Yes, I'll answer the first question sorry, I'll answer the second question about our cytokine portfolio sort of strategy overall, then I'll let Alan Yang, our Chief Medical Officer take the one about Plamo. So on the cytokine portfolio, we are applying more resources because we've seen from the data that we've gathered so far on our earlier programs there, our IL-fifteen and IL-two for Tregs, that this general strategy of reducing potency to the appropriate level and you've got to really do the experiments to find out what that might be to get that therapeutic profile that you want, the duration of action, the increase in cell populations that you want and the tolerability profile, that strategy seem to have general legs. And pre clinically now we've seen it again and again and again with different programs like IL-twelve, we're exploring IL-eighteen now, we've looked at some other cytokines. So I think there's an enormous playground there. And I think for now, we're going to focus on buttressing our portfolio in the oncology space, we thought that the outlier there was the Treg hypothesis for IL-two was just too good and clear and direct of an opportunity for our platform to pass up for now.

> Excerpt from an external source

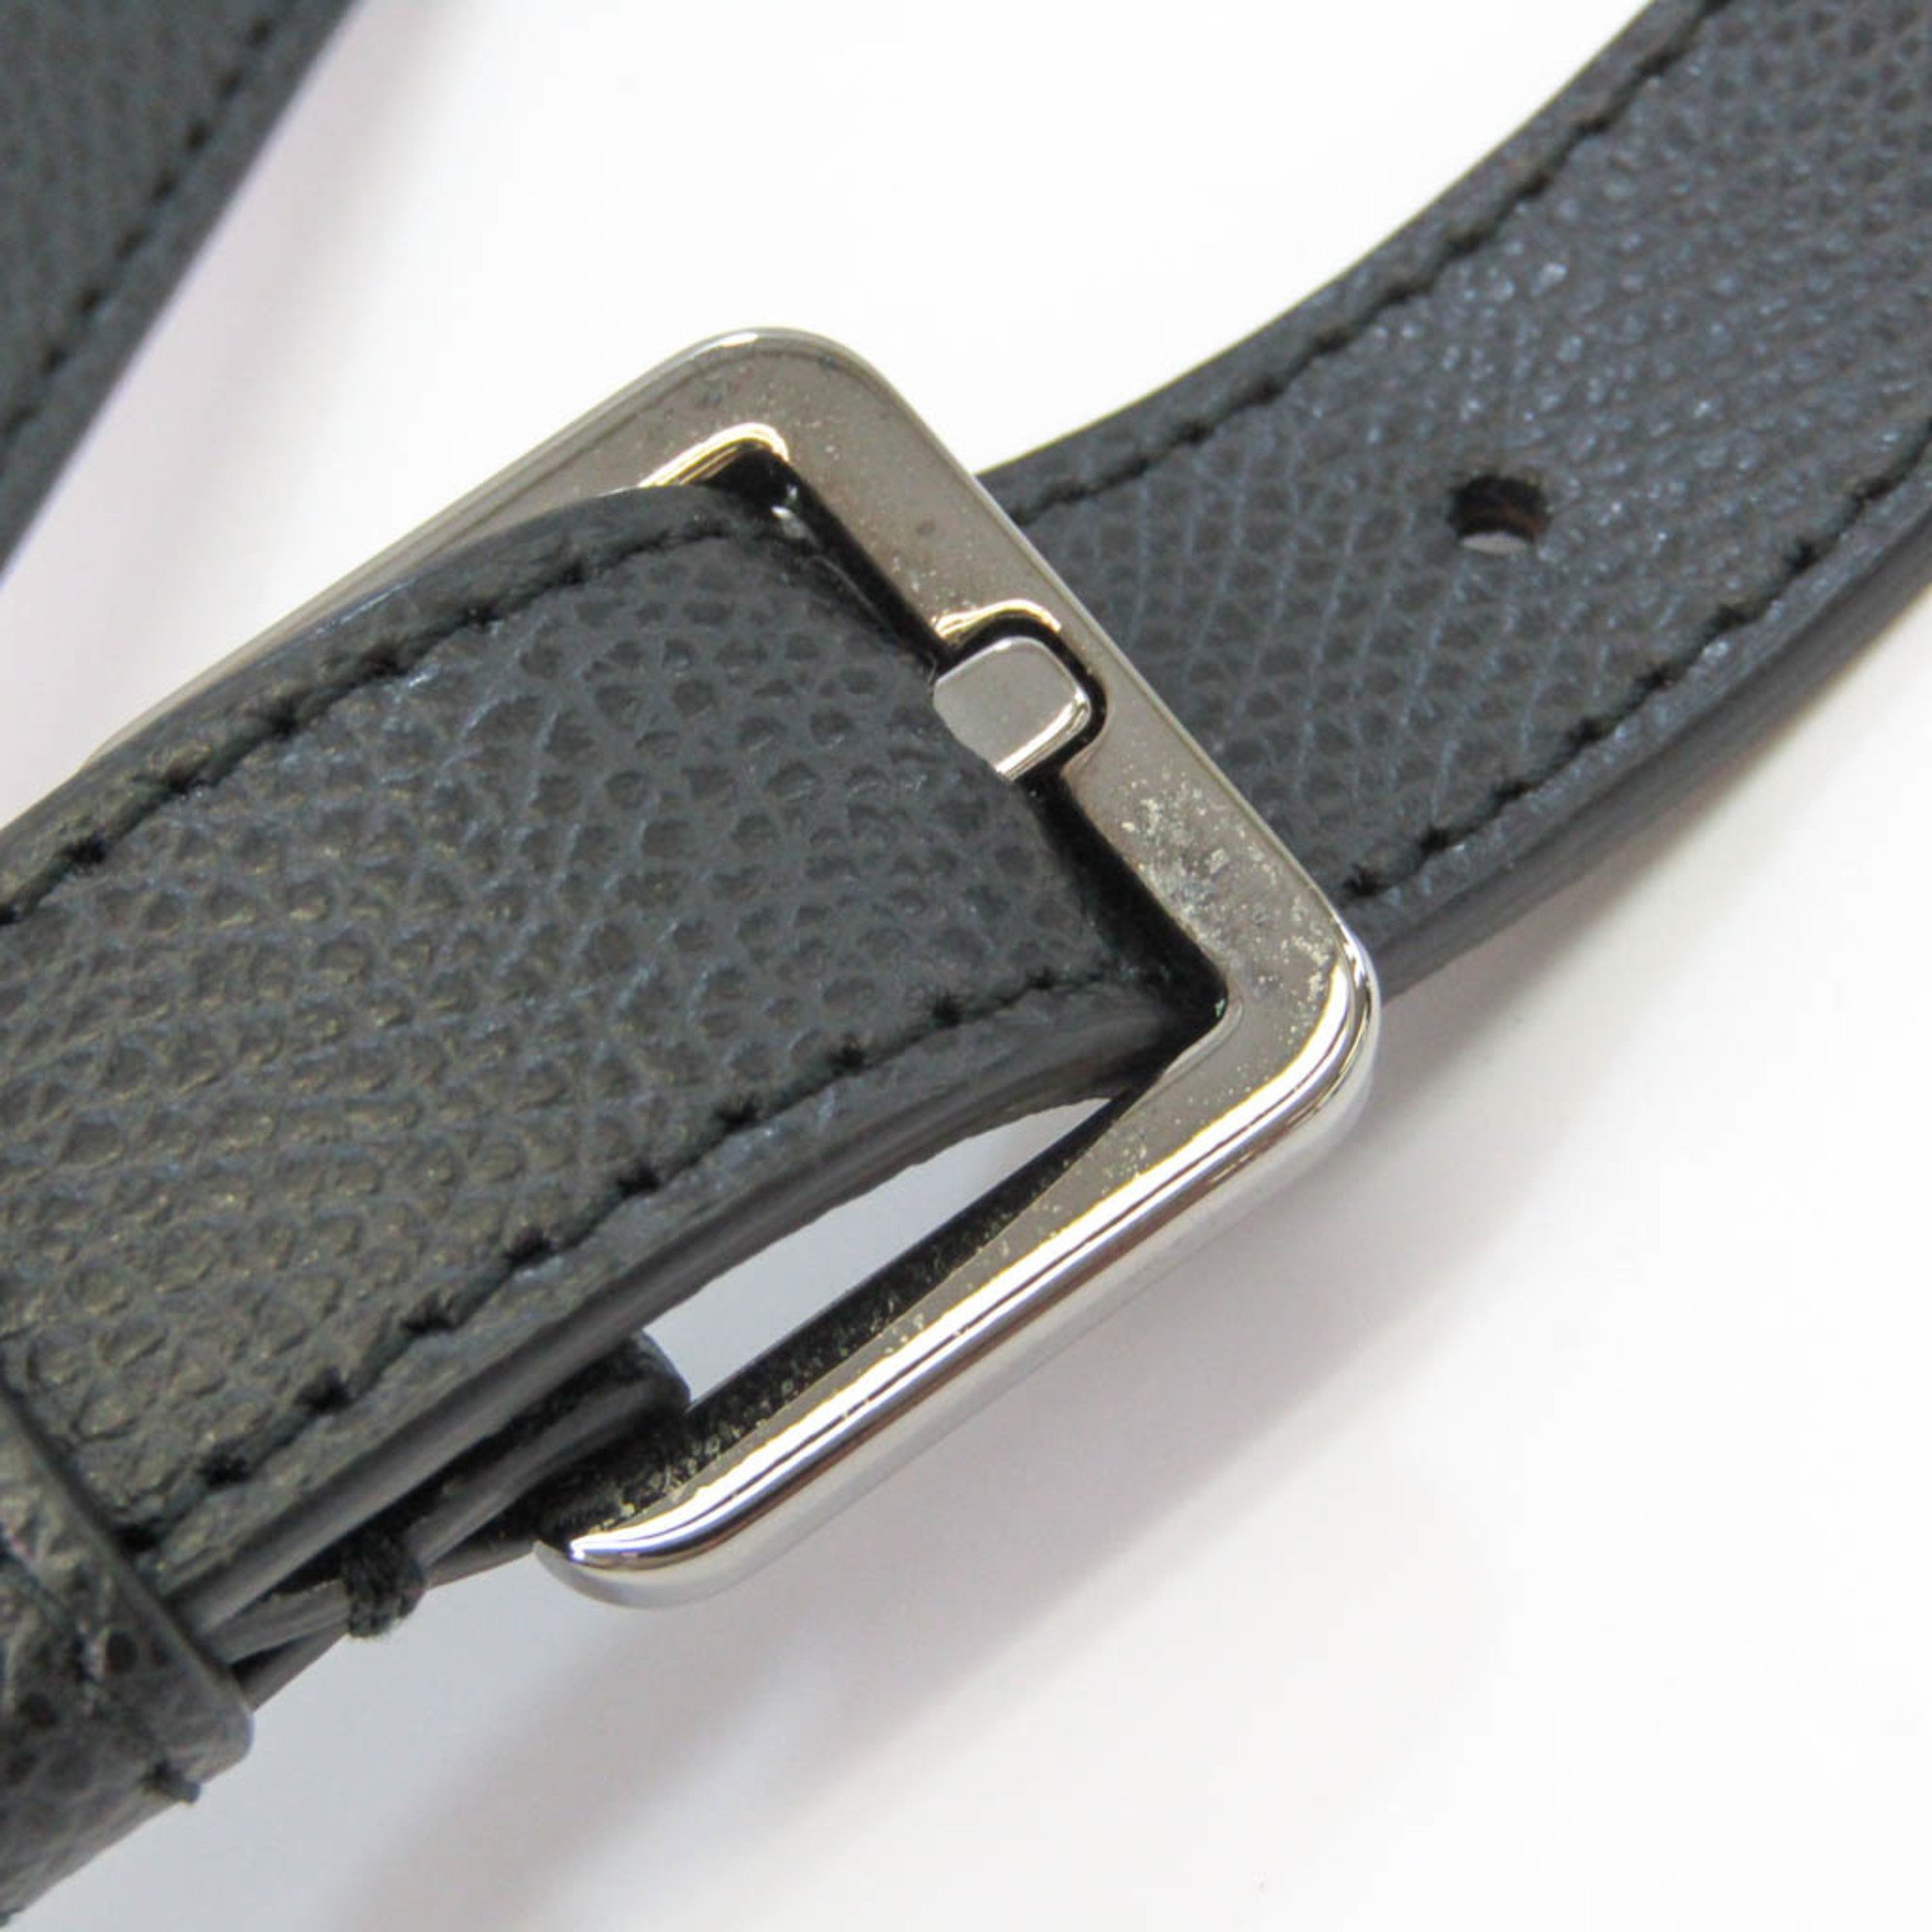 Furla Atlant 901436 Unisex Leather Attaché Case,Shoulder Bag Black

And so I think we're going to continue focusing on oncology. While we do scientific and research exploration all over the place and for now just have the IL-two be the one that we're planning for now in the autoimmune side. So that's in the clinic now. We're excited about it. The next clinical program, probably the one after that would be oncology.

And then Alan, do you want to address the question about the Phase 1 and how that plays in the Phase 2 for Palama?

Speaker 14

Sure, Basil. Thanks. Thanks, Yishu for the question. So the question was what to expect from our Phase 1 data. So, I think the last time we publicly released data on our Phase 1 program was at ASH 2 years ago, actually 2 previous ASH's and we were still in dose escalation.

And so the team has spent a lot of time really optimizing the dosing schedule. And so more recently, we've been sort of developing a more convenient and dose and schedule for patients. At the time we released data, we released data on something like responses at over 80 micrograms per kilogram and the response rate was roughly over 40%. We've now moved well beyond that in our dose escalation. And so we'll be looking at data at much higher doses.

And that was in diffuse large B cell lymphoma. So we'll have continued data in diffuse large B cell lymphoma and probably some indolent lymphomas as well. So that will be the Phase 1 data. I data. I think the second question was what to expect in the Phase II study.

So we've announced that we're committed to a Phase II study. We think it's very exciting. It's a chemo free study where we've been combining pomodimab with tafasitimab and lenalidomide. So we think that there's 2 complementary mechanism of actions and targets of CD19 with ADCC and CD20 with the T cell engagements. So we believe that that is actually a very exciting and novel mechanism of action and will differentiate us from the competitors.

Speaker 13

Great. Thank you very much.

Speaker 1

And ladies and gentlemen, that concludes our Q and A session. I'd like to turn the call over to Basil Dayat for any closing remarks.

Speaker 3

Thanks very much. And a big thank you to the team at Xencor that's been tireless and keeping our whole suite of programs moving forward. And finally, I'd like to thank everybody very much for joining us today. We look forward to updating you again over the coming months and have a terrific evening.

Speaker 1

Thank you for your participation in today's call. This does conclude today's conference call. You may now disconnect.